Pasamos lentamente frente a una de las casas de mayor prestigio en Santiago cuarenta años atrás, visitada por mujeriegos pobres y ricos. Ahora convertida en un nido de travestis de medio pelo, quienes esa noche nos invitaban a negociar, enseñando atractivos bustos femeninos, a fuerza de silicona y dosis hormonales. Por suerte a ninguno entusiasmó la idea y seguimos adelante. Alguien recordó al cantante asesinado por un travesti en la calle Marín algunos años atrás, y eso intimidó a Roberto a detener su Nissan frente al palacio ahora hundido de La Tía Carlina.

Seguimos adelante por la avenida Independencia, cruzando el río frente al edificio de la mítica Estación Mapocho, lugar de llegada y salida a distintos puntos del país vía ferrocarril, transformada por la modernidad en un estéril centro cultural, frío y tétrico como los cementerios románticos, habitado por los sepultureros del arte.
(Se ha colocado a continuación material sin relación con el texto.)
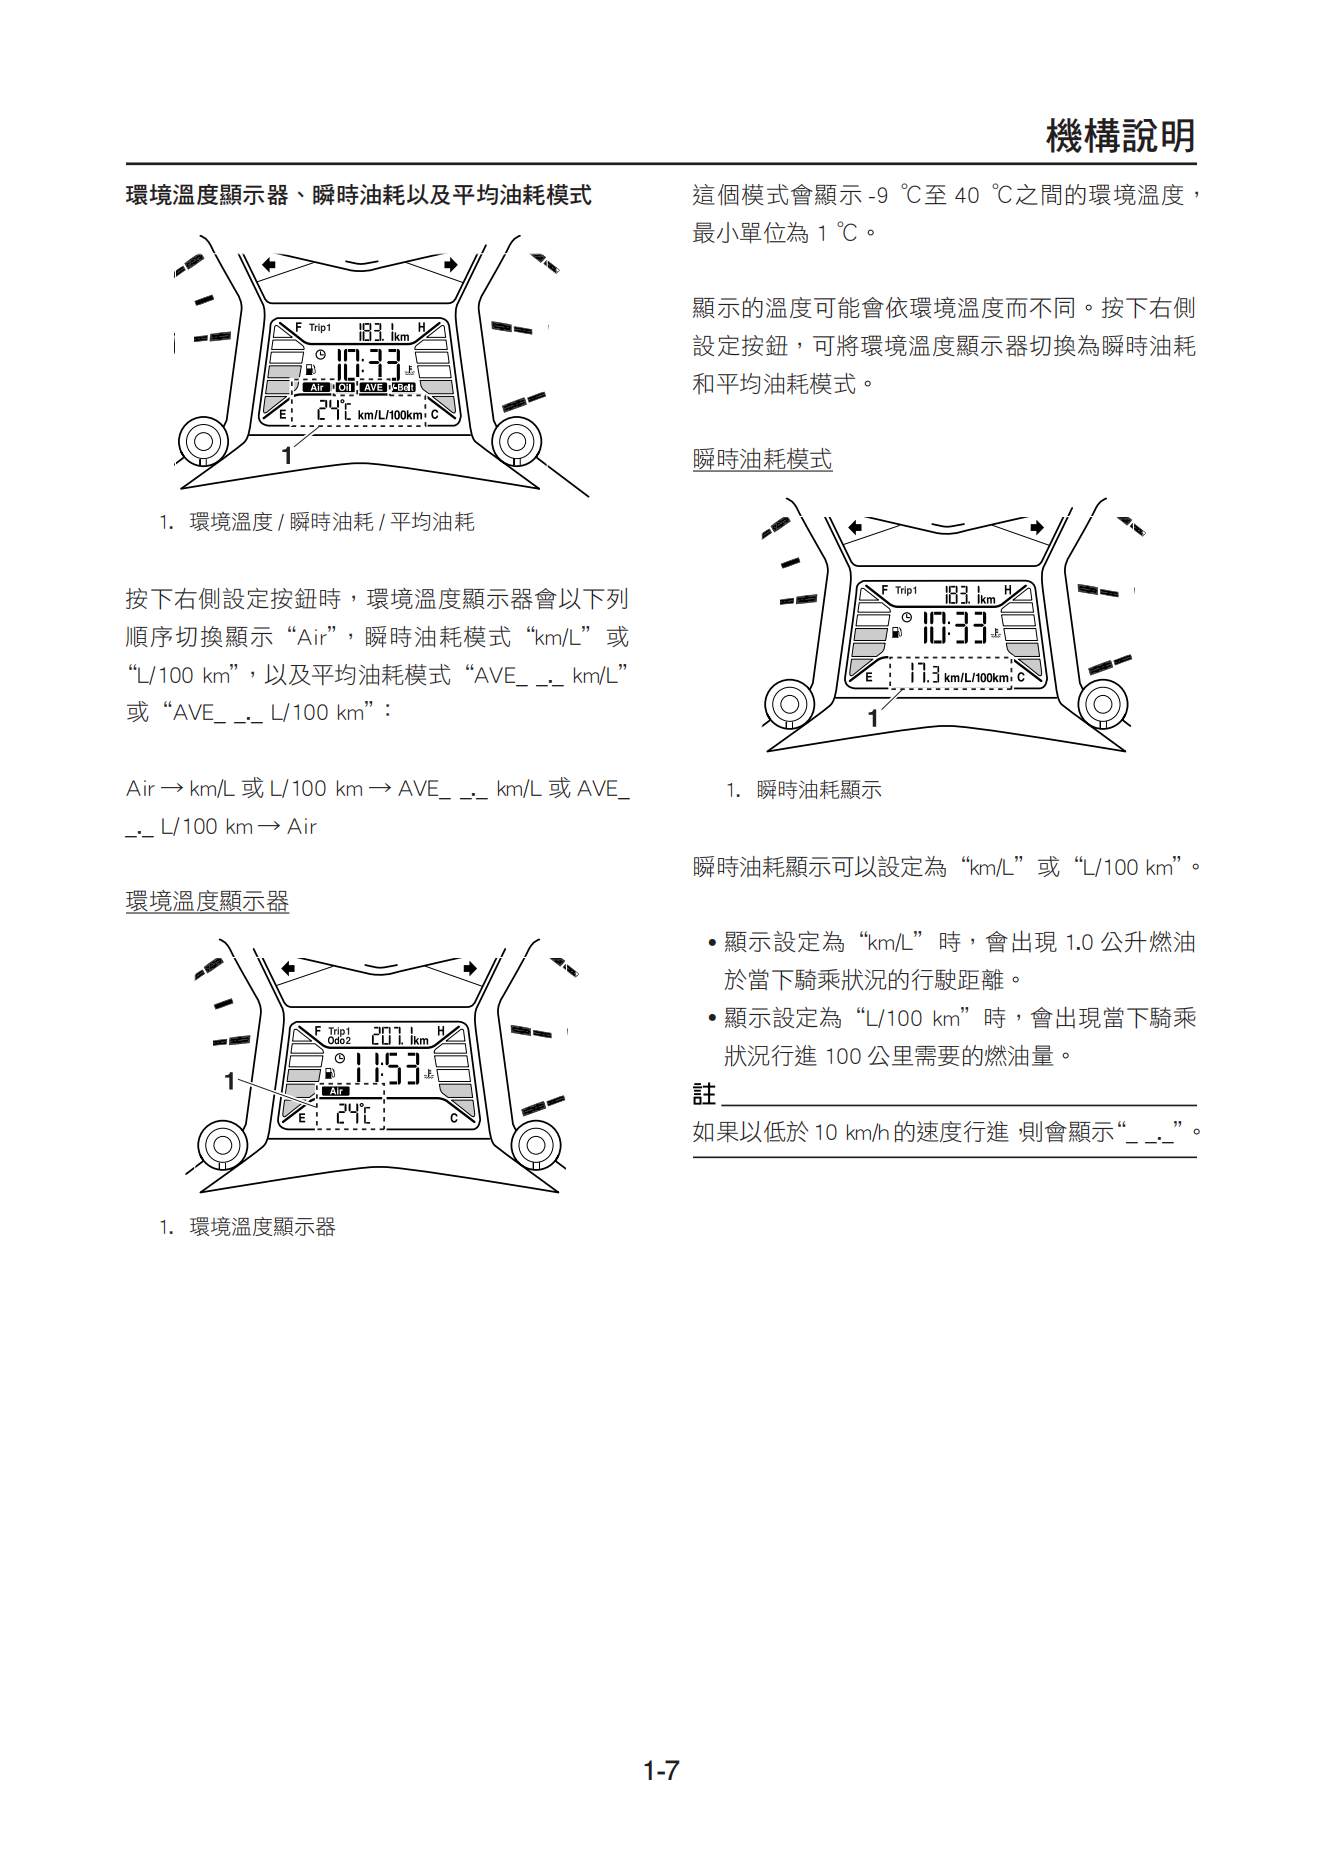 繁体中文2012-2015年雅马哈tmax530维修手册xp500a维修手册插图2

Luego, cortamos por Teatinos en dirección a Copiapó, cruzando el centro mismo de la capital, Merced, Huérfanos, Agustinas, Moneda, incluida la Alameda del Libertador, continuando por la odiosa calle Nataniel, atestada de baches, hoyos, lomos de toro, pasos de cebra, discos pare,  y manadas de autobuses amarillos arrasando el tránsito como elefantes desbocados. Sería cerca ya de la una de la madrugada, pero la ciudad ardía de gente por todas partes. Seres trasnochados, con más de una copa metida en el cuerpo, vagaban afanosos por las viejas calles del casco antiguo de la ciudad, desvelados, insomnes, perdidos en la madrugada junto a sus sueños de mala muerte.
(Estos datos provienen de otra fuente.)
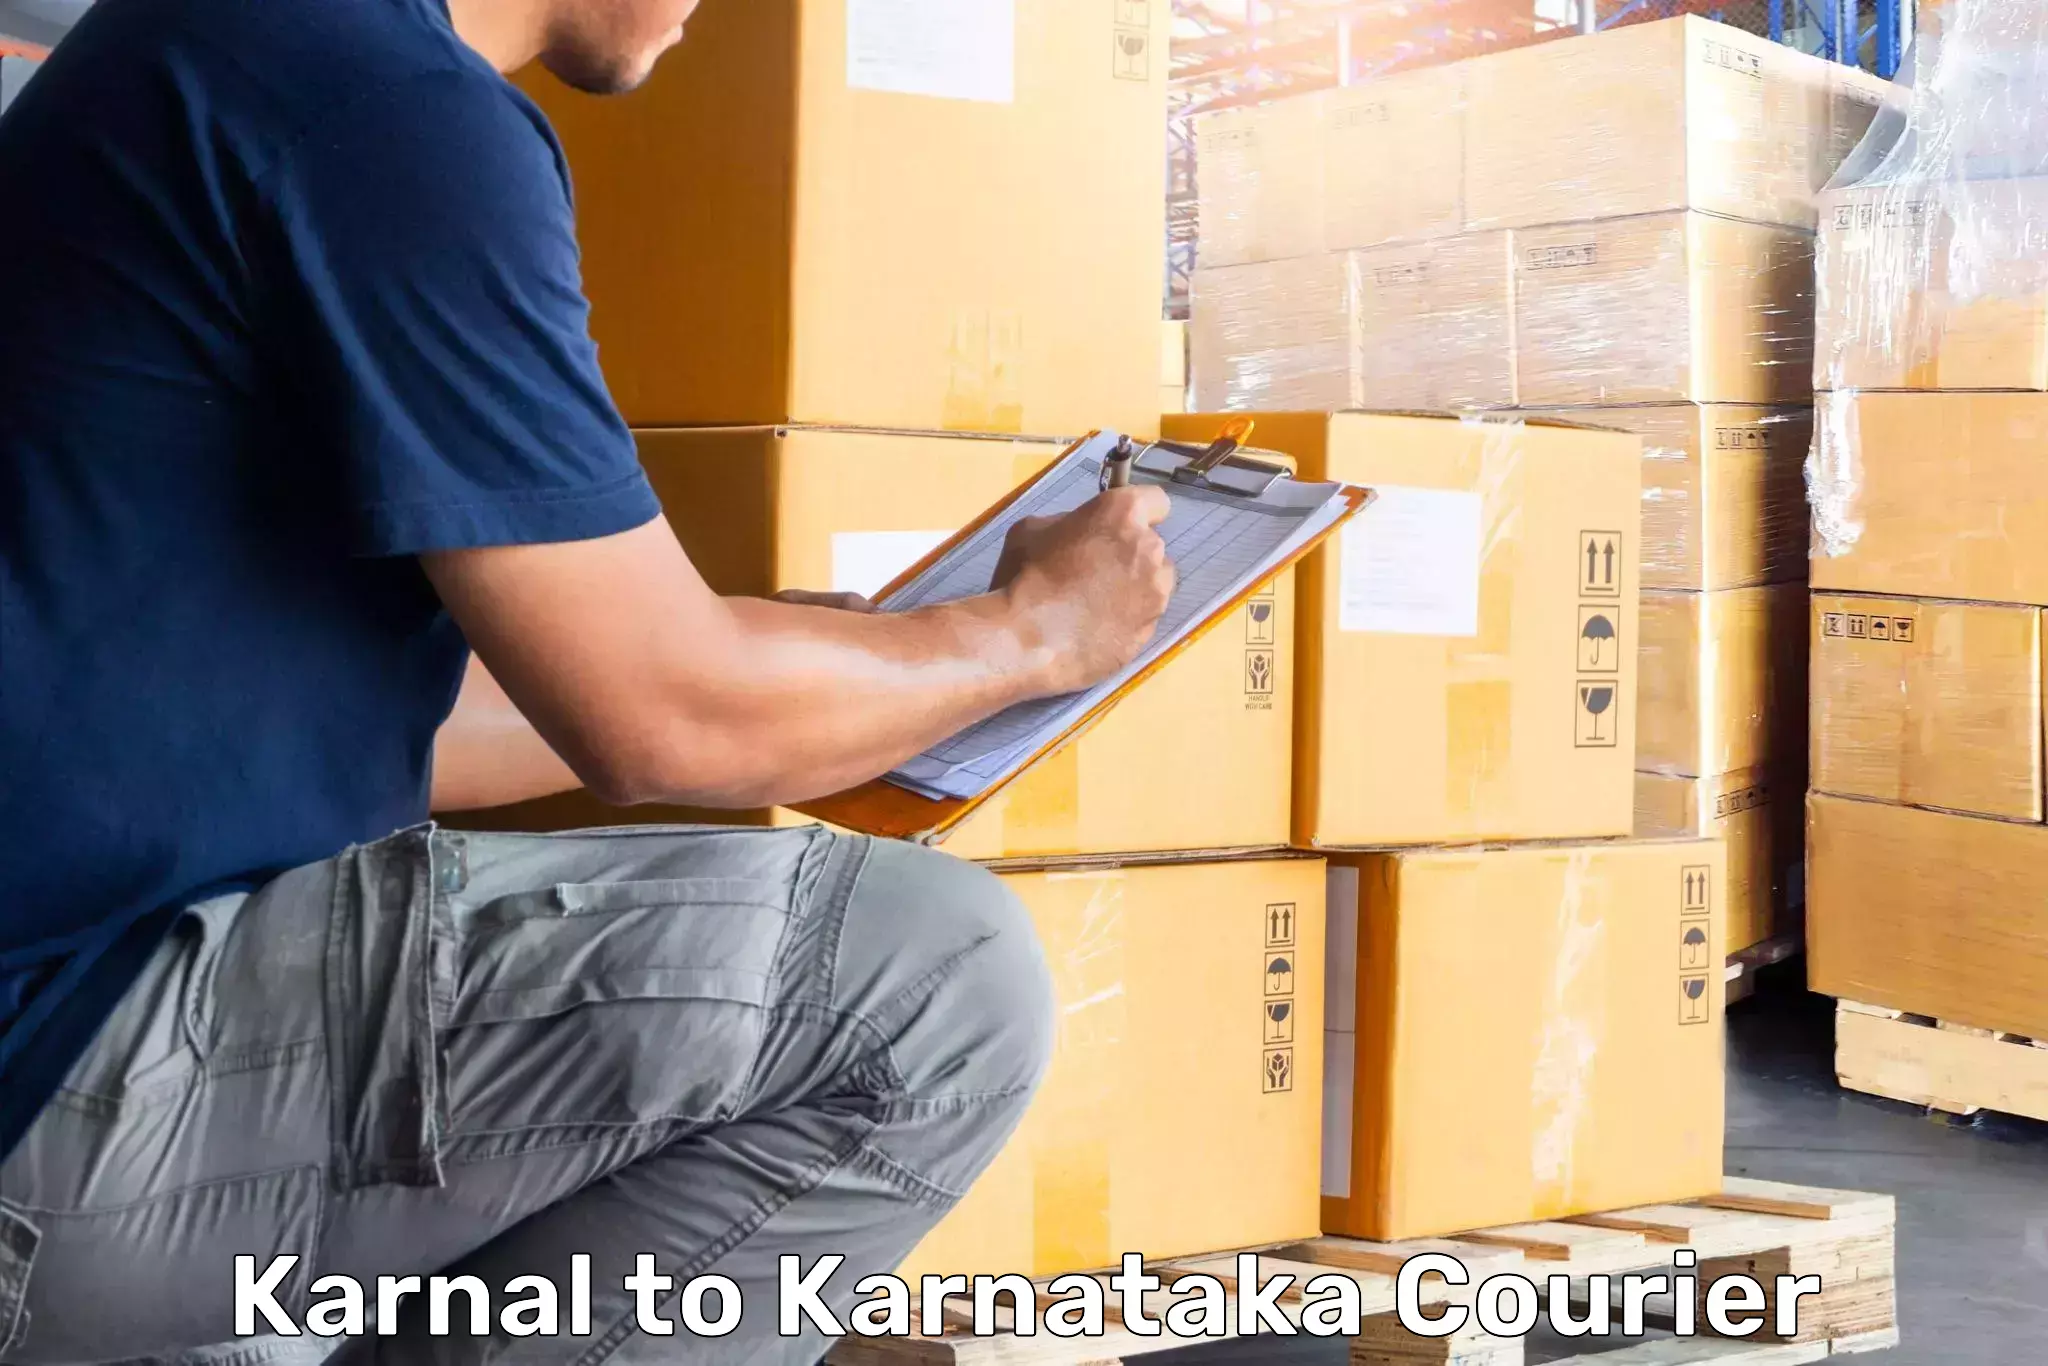 Baggage shipping experts Karnal to Honnavar

Cuando nos estacionamos en Emiliano Figueroa, callejuela con  nombre de un presidente de Chile, se produjo cierta agitación en el ambiente, mujeres pintarrajeadas entraban y salían de las distintas casas de la cuadra, provistas de ojos impúdicos y voluptuosos, que caracterizan a las trabajadoras nocturnas. Pupilas de gatas, de animales en celo, de hembras lascivas, predispuestas a brindar placer al mejor postor.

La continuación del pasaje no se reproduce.